Energy products with both primary and secondary sources (steam, electricity and LPG's – liquefied petroleum gases) have their entire disposition accounted for under the primary energy form.


Data presented here are a summation of the different types of coal; bituminous, sub-bituminous, lignite and anthracite. It should be noted that the heat content varies depending on the mine. For publication purposes, provincial/territorial heat contents have been established for Canadian bituminous. Therefore, inter-regional movements, expressed in terajoules, may not balance at the Canada level.

Crude oil

Includes pentanes plus, condensate, crude bitumen and synthetic crude as well as conventional crude. Starting in 1990, the enrichment of synthetic crude at the oil sands plants by the addition of hydrogen, which originates from natural gas, is included as an inter-product transfer.

Inventory data used to calculate stock variation are based on pipeline inventories (which are source province/territory of origin and not the province/territory in which they are held) and refinery inventories. The net effect of this method of calculating is to overstate some provinces/territories and understate others. At the Canada level, however, these differences counter balance.

Any use of crude oil by sectors other than petroleum refineries is included in ‘Other adjustments’. The monthly surveys, Refined Petroleum Products (2150) survey and Crude Oil and Natural Gas (2198) survey, plus data obtained from the Alberta Energy Utilities Board (AEUB) and administrative records are the sources of the data used to compile the crude oil figures.

Natural gas

The basic sources for the natural gas data are the Gas Utilities/Transportation and Distribution Systems (survey 2149), Natural Gas Disposition (survey 2167) and the Industrial Consumption of Energy Survey (5047).

A modified production is used in this publication. This modified production is equal to marketable production plus field flared and waste, field uses, gathering uses, plant uses and plus or minus adjustments as reported in the Crude Oil and Natural Gas (survey 2198) survey. The addition of field flared and waste, field uses, gathering uses, plant uses and plus or minus adjustments is shown as producer consumption in this survey.

Starting with 1990, natural gas used to produce hydrogen for the enrichment of synthetic crude oil or oil products produced by petroleum refineries is shown as an ‘inter-product transfer’.

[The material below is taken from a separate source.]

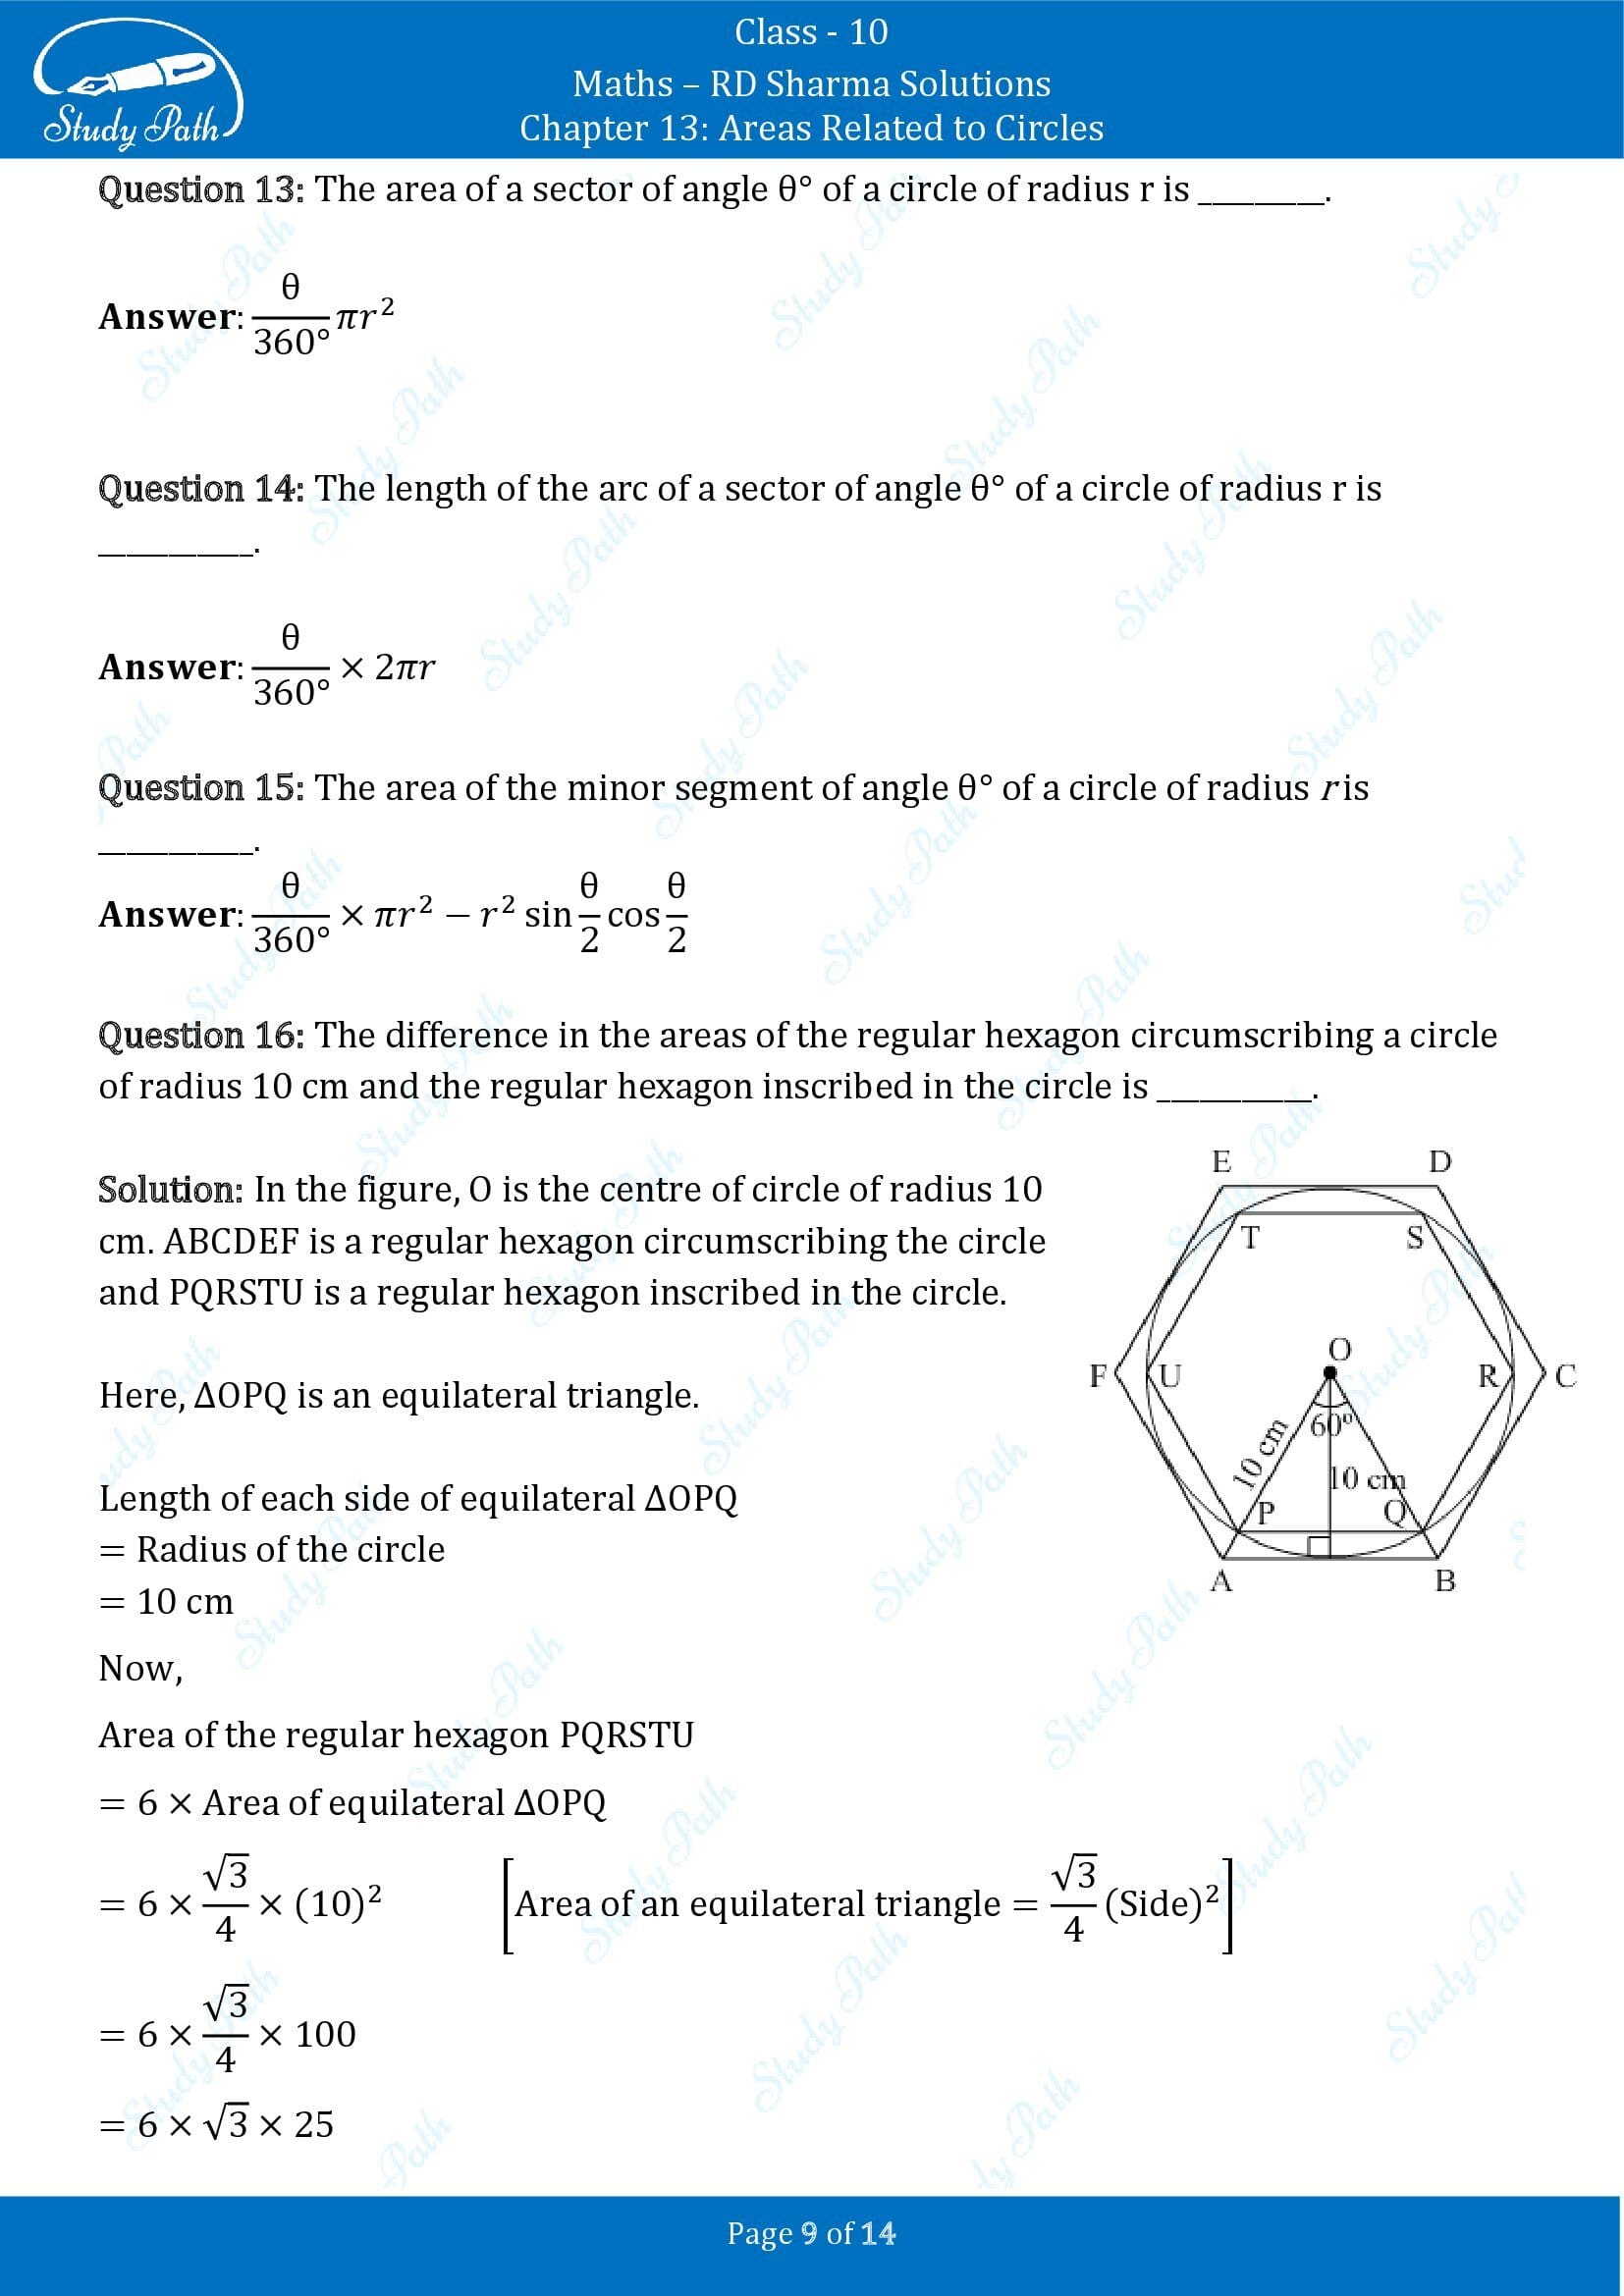 RD Sharma Solutions Class 10 Chapter 13 Areas Related to Circles Fill in the Blank Type Questions FBQs 00009

Estimates for the non-energy use of natural gas have been derived from the annual Industrial Consumption of Energy Survey (5047). The estimates take into account that only certain companies producing the products listed above use natural gas as a feedstock.

Natural gas conversion factors are subject to fluctuations due to the varying heat content of the gas produced from different fields and to the processes to which the gas is subjected. Conversion factors are based on the heat content of natural gas as reported in the Gas Utilities / Transportation and Distribution Systems (survey 2149). The factors are normally revised each year, resulting in revisions to the natural gas terajoule data.

Gas plant NGL's (natural gas liquids)

Includes propane, butane and ethane. Data shown here is a summation of data presented in table groups 6 and 7. Condensate produced by gas plants is included with crude oil. Disposition shown is for both refinery produced propane and butane and for gas plant NGL's.

Primary electricity

Production is for hydro, nuclear, wind, tidal and solar generated electricity. The assumption is made that international and inter-regional movements of electricity are from primary sources. As virtually all generation is supplied to a grid system, it is not possible to determine the dispositions of primary or secondary electricity separately. Disposition data for both primary and secondary electricity is presented here. Nuclear generation of electricity data are displayed in the Table 9.

The annual Electricity Supply and Disposition (survey 2194) is the source of data for this publication.


Steam sold includes only known steam sales of large producers and therefore excludes any steam produced for own consumption as process steam or space heating. Primary production is primarily from nuclear produced steam. Biomass and geothermal produced steam sales will also be included as they become sufficiently important.

In the natural units section of the table, generation of steam for sale data differ from other energy forms in that they are shown under transformed to other fuels. Steam for sale generation is a negative number in order that the column will remain additive.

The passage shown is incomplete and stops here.